In other words, to pay down each dollar of the deficit, the government has to spend a dollar. To spend a dollar improving health care, or invest in green energy, or fund Pell grants, also costs a dollar. And there are a limited number of dollars. The question is where those dollars would do the most good -- where their expected returns would be, in short, more than a dollar. Spending $90 billion to reform and universalize health care may do more to accelerate economic growth than spending $120 billion to reduce the deficit.

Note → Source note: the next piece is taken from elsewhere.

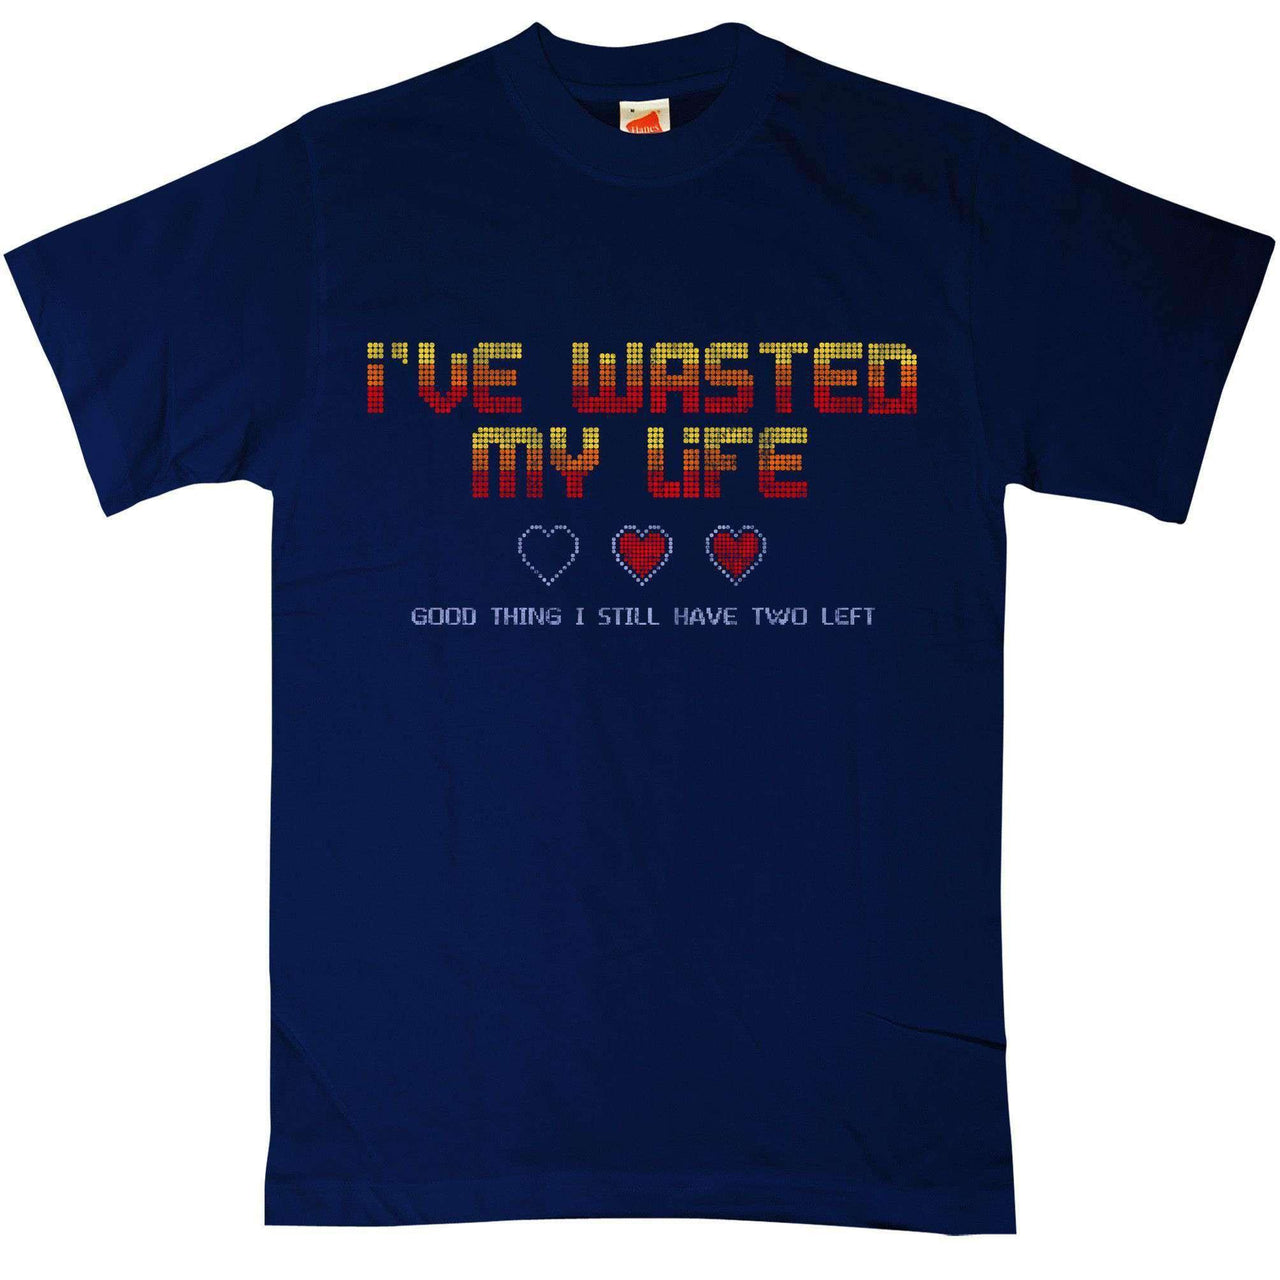 Ive Wasted My Life Unisex T-Shirt For Men And Women 8Ball

Richardson tries to have it both ways. He also boasts a thoughtful, if unambitious, universal health-care plan (which we discussed at length in the interview) and impressive proposals for cutting carbon emissions and investing in renewable energy. But to pay down the deficit, Richardson would, in reality, have to sacrifice some of that proposed spending, and to keep it balanced he would be hamstrung in increasing spending in those areas. And those sacrifices may indeed prove anti-growth.
The pity of it all is that Richardson doesn't need to offer these sops to fiscal conservatism. The electorate is overwhelmingly anxious about the state of the economy, exhausted by years of tax cuts and untrammeled corporate capitalism, and desirous of significant new social investment. These rhetorical capitulations may have been necessary in 1992, when Democrats were mistrusted as economic stewards, but they're not necessary today, and serve only to harm progressive priorities and enable the right wing's attacks against unnamed fiscal drunks.
At the end of the day, I believe that Richardson is pro-growth. After our interview, I even believe that his view of the economy is basically progressive. But his rhetoric isn't good for the Democrats, progressivism, or even a future Richardson presidency. He could be more pro-growth if he were only willing to be less anti-deficit.